Functional test for neutralizing activity of anti-IL-10R antibodies
To assess whether the detected IL-10R autoantibodies have functional consequences, their impact on STAT3 phosphorylation, a key event in IL-10 signalling, was determined.
Sera of UC and CD patients (n = 21) were compared with serum of a healthy donor control. A commercial antibody directed against IL-10R2 (R&D, UK) was used as a positive control.
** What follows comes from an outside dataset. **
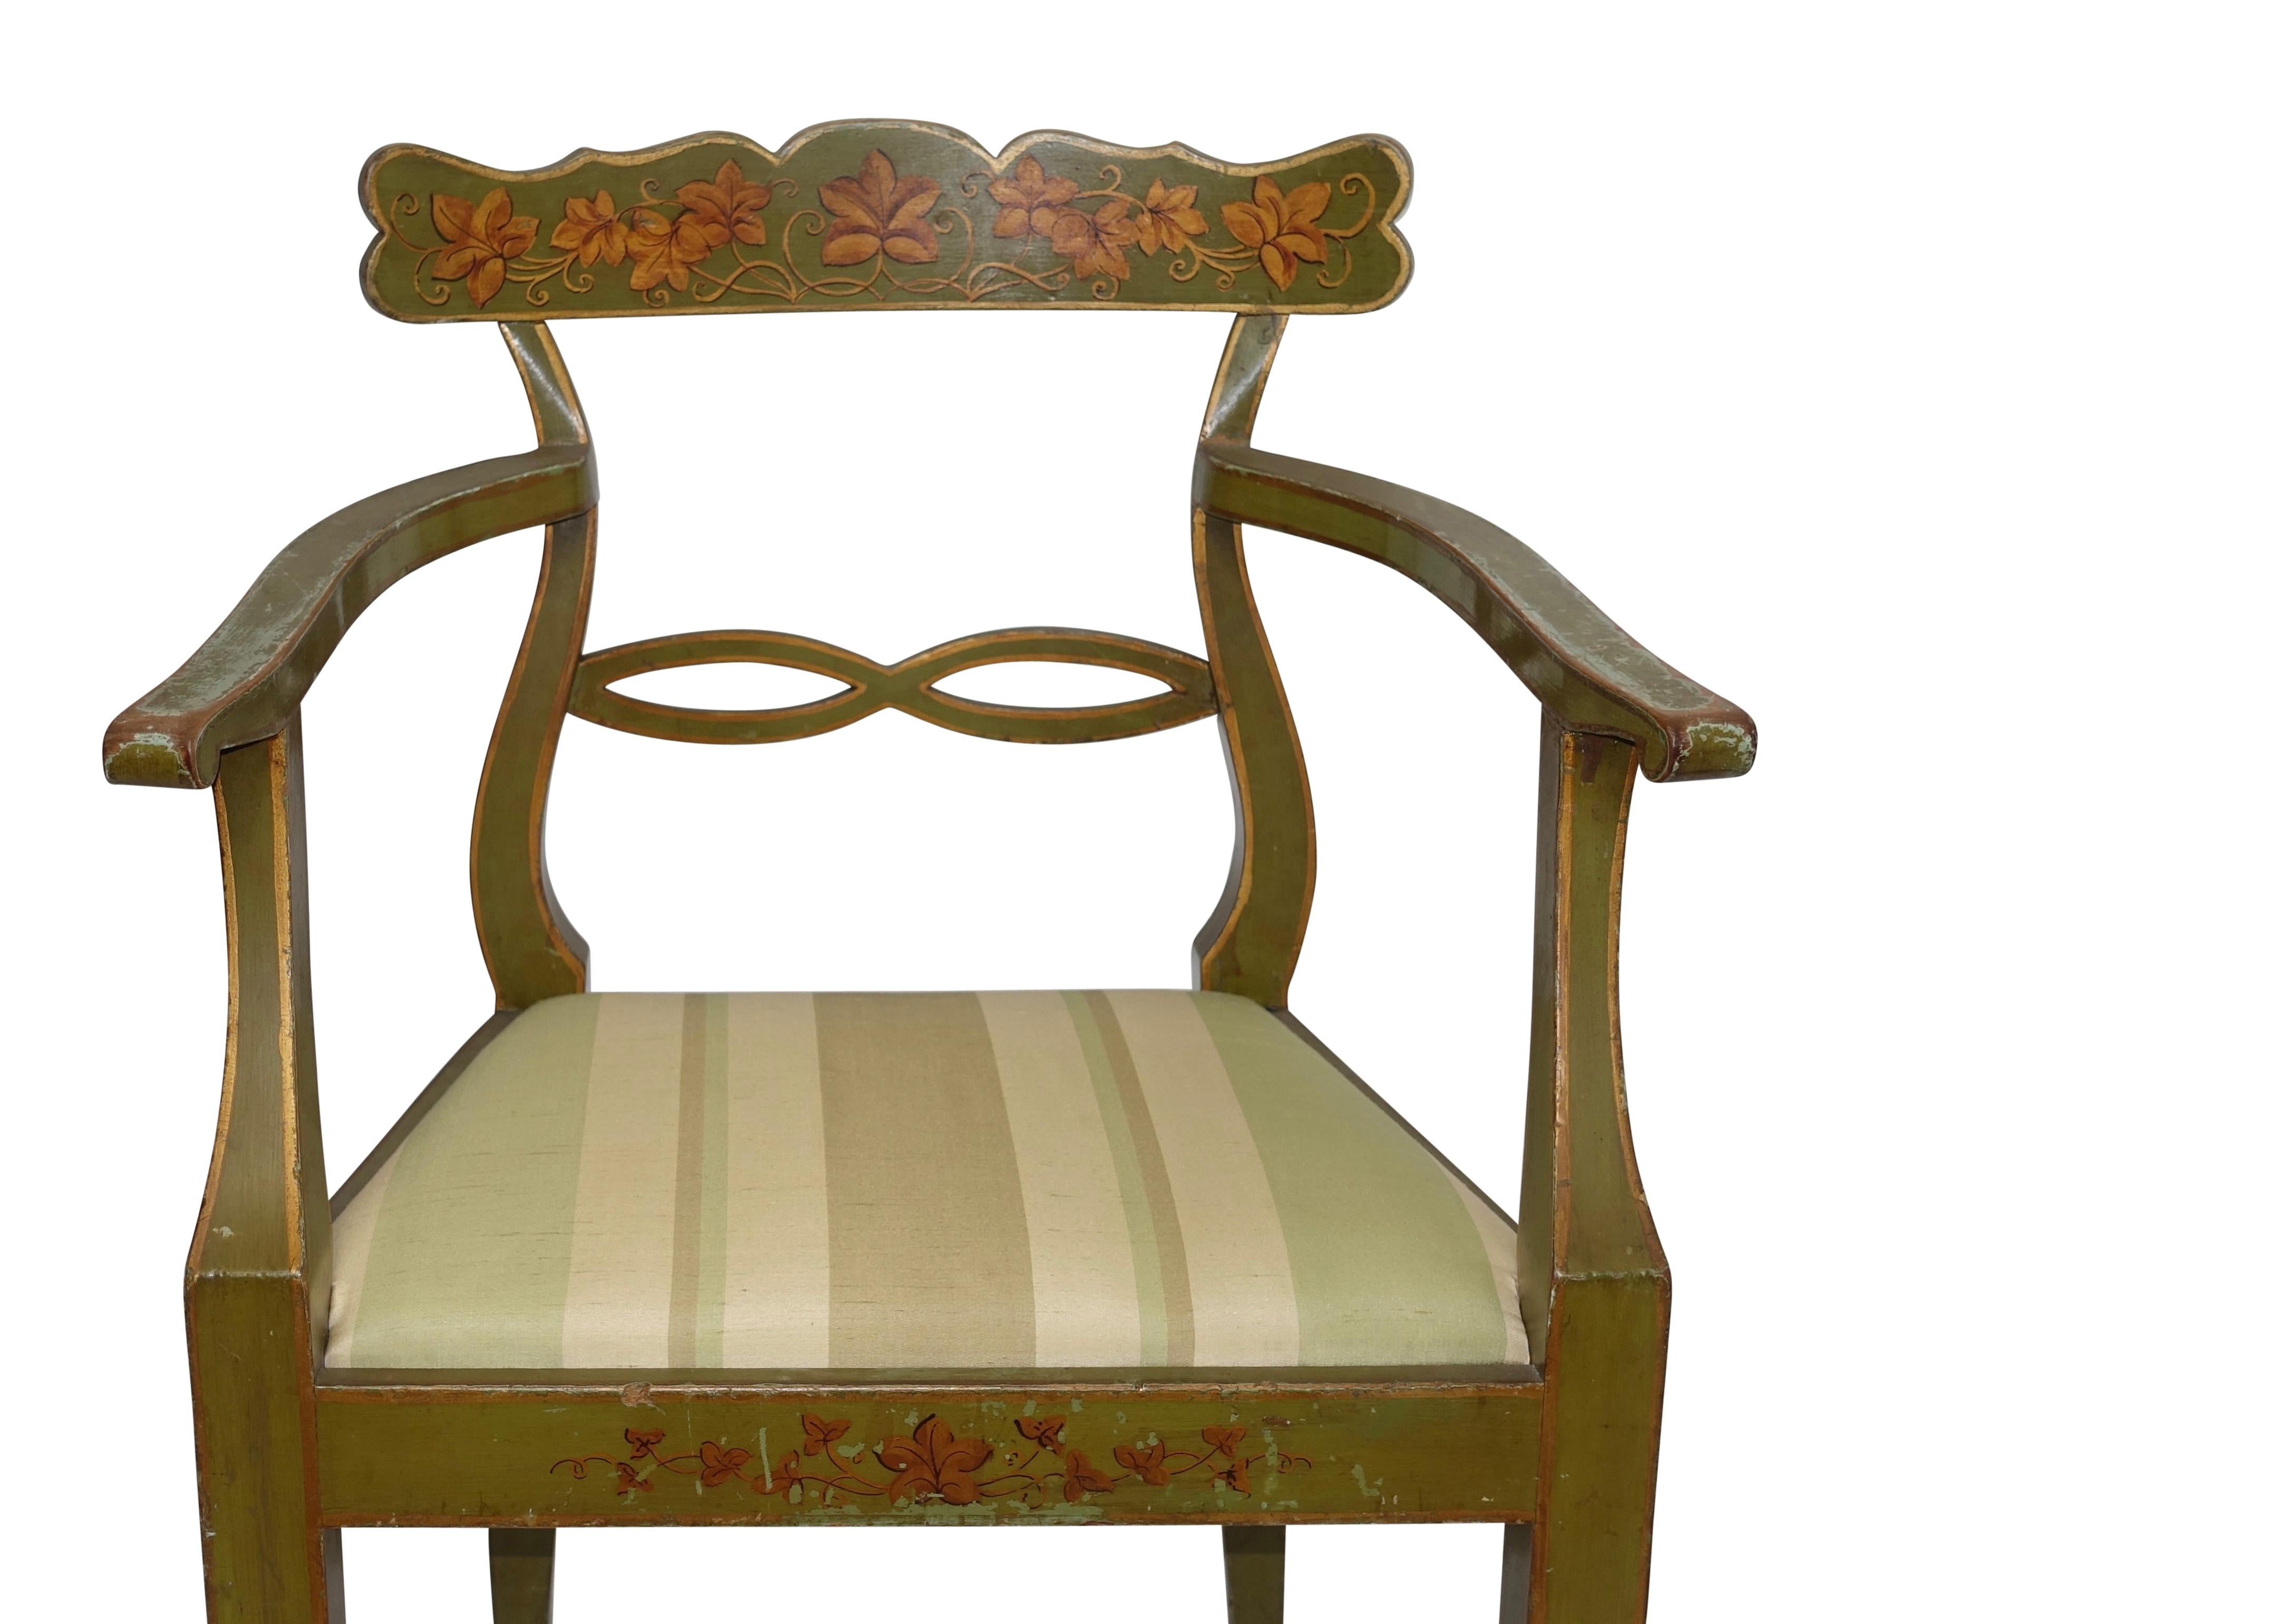 Four Green Painted Armchairs with Trailing Ivy, Northern European, 19th Century For Sale 2

Analysis of STAT3 phosphorylation upon IL-10 stimulation of PBMCs pre-incubated with a 1:10 dilution of serum failed to demonstrate a significant reduction of ODs, and therefore STAT3 phosphorylation, in the IBD patient cohorts (Figure 3). There were no significant differences between ELISA-positive and -negative samples or between UC and CD samples.
Figure 3
Functional test assessing STAT3 phosphorylation. PBMCs were incubated with healthy donor (HD) or patients’ sera in a 1:10 dilution and subsequently stimulated with IL-10. Cells were lysed and examined for STAT3 phosphorylation by ELISA. An anti-IL10R2 antibody was used as a positive control. The OD of the healthy donor control was set as 100%.
In conclusion, we could not find evidence for the functional relevance of autoantibodies against the IL-10 receptor. Neither did we find any evidence for the existence of autoantibodies, which were not detected by ELISA but had a sufficiently high titer to significantly reduce downstream signalling.
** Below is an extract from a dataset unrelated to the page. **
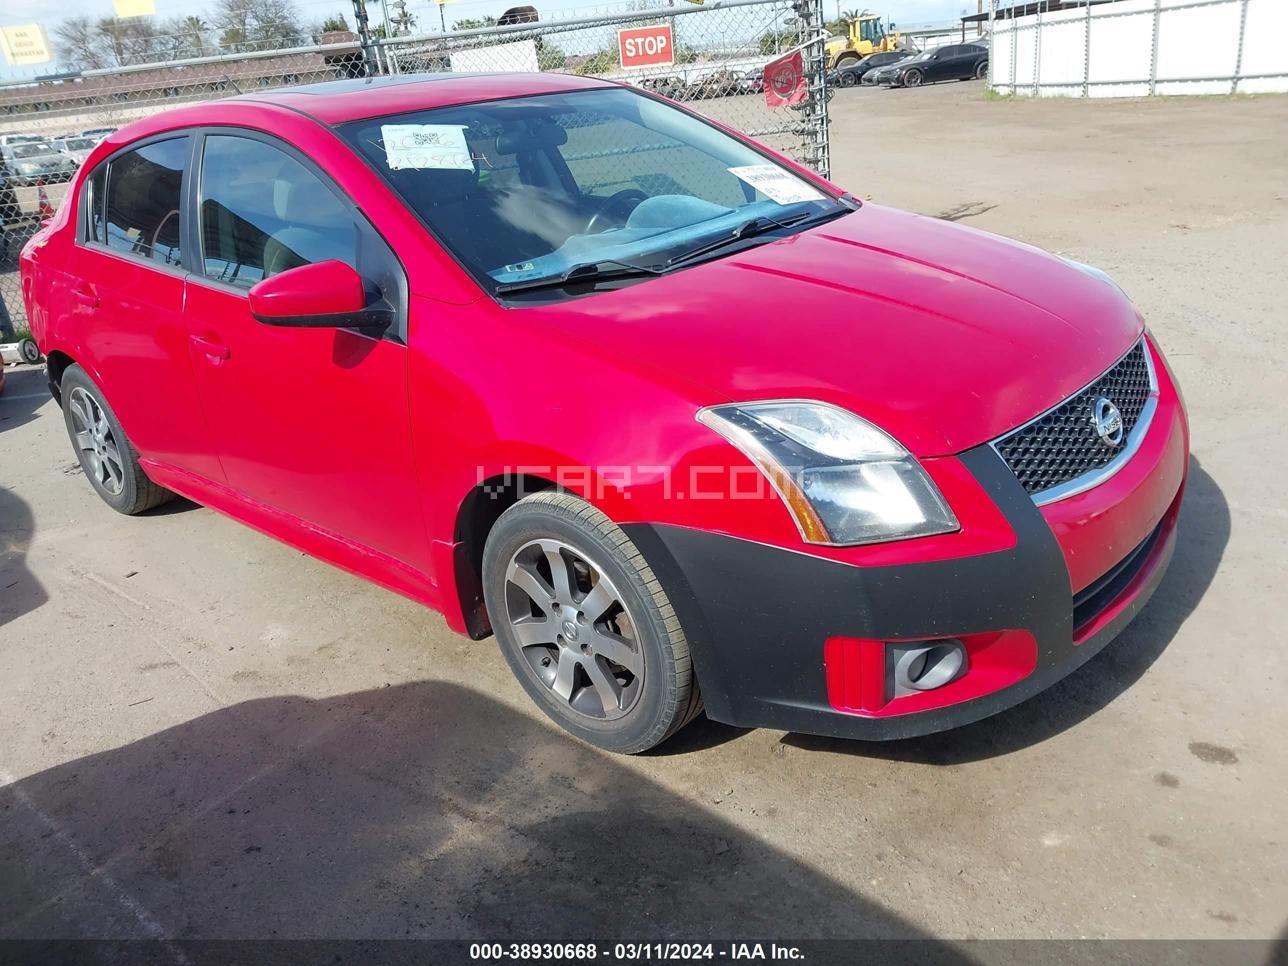 VIN: 3N1AB6APXCL706478 - nissan sentra

Single and multiple positives
In total, 13 of 52 patients (25%) were found to have autoantibodies against IL-10 or the IL-10R subunits IL-10R1 and IL-10R2 (Table 1).
Table 1
Patients single or multiple positive for antiautobodies against the IL-10 signalling pathway
Noof patients with antibodies against:
IL-10
IL-10R1
IL-10R2
IL-10 + IL-10R1
IL-10 + IL-10R2
IL-10 + IL-10R1 + IL-10R2
IgG
3
2
1
1
2
1
IgA
2
-
-
11
-
-
Total noof patients
5
2
1
2
2
1
1This patient had anti-IL-10 antibodies of the IgG and IgA isotype.
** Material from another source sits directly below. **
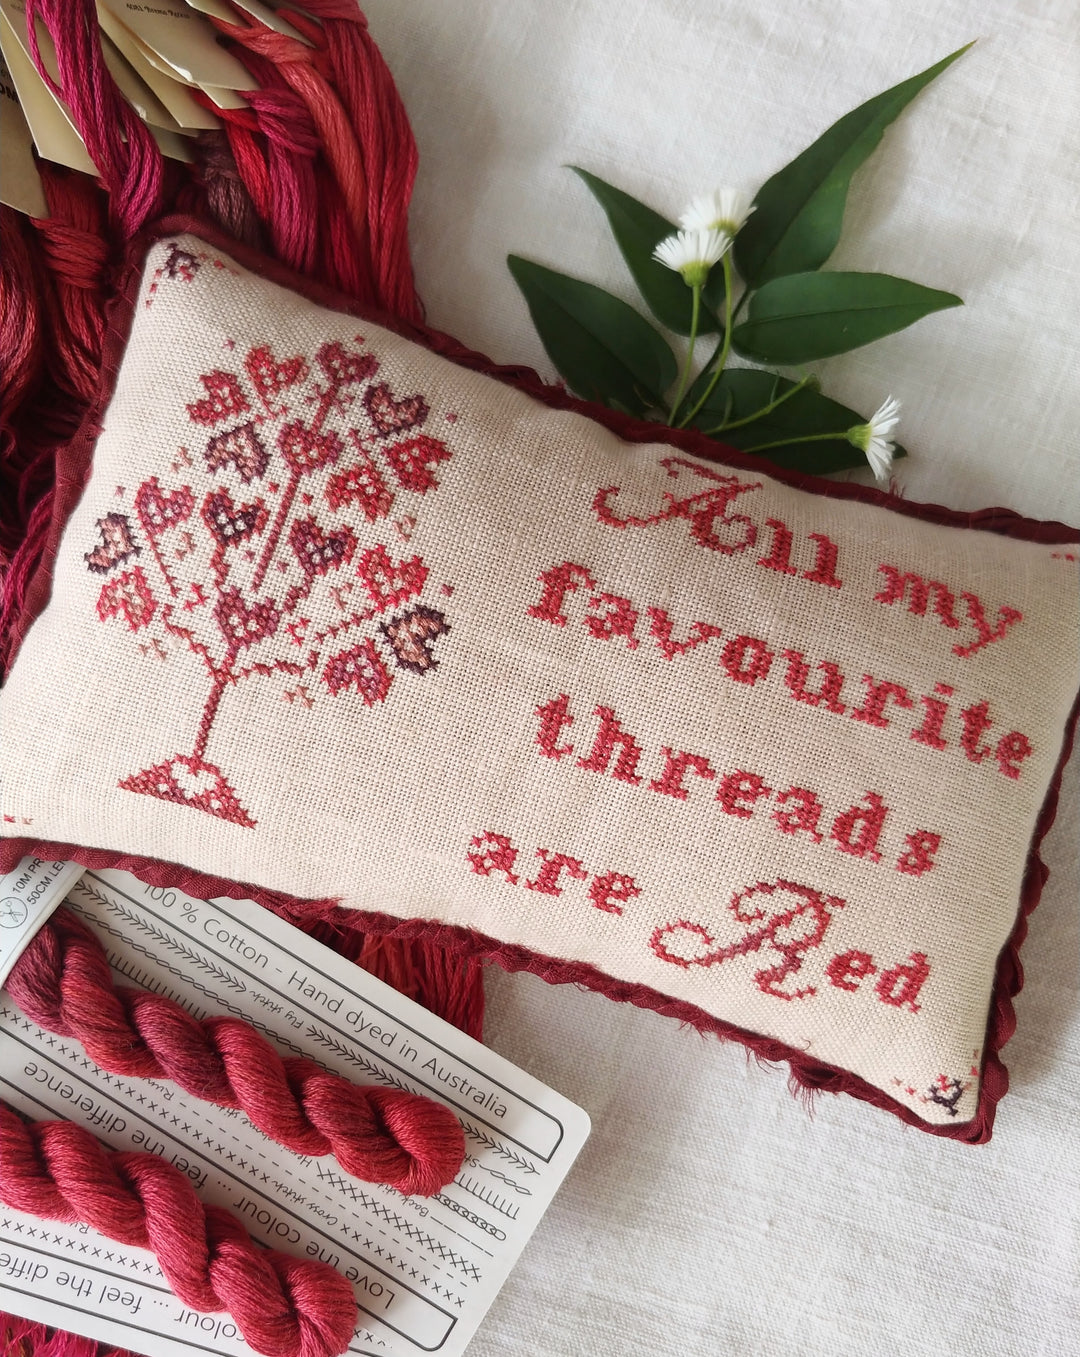 All My Red Threads | Mojo Stitches

Thirteen patients had autoantibodies affecting the IL-10 signalling pathway. Eight patients had antibodies against a single protein, and five patients had antibodies against multiple components.
Whereas eight patients had antibodies against either IL-10 or one subunit of the IL-10R alone, sera of four patients were double positive for antibodies against IL-10 and IL-10R; one patient had serum triple positive for anti-IL-10, anti-IL-10R1 and anti-IL-10R2 antibodies. The latter patients might generally have an increased auto-immune status with possibly other autoantibodies in the serum as well. This, the low absolute OD values, and the fact that the IL-10R autoantibodies had no neutralizing activity, suggest that the autoantibodies might not be of overall significance.
Conclusion
Our results do not provide sufficient evidence to postulate a general autoimmune disruption of IL-10 signalling in the pathogenesis of IBD.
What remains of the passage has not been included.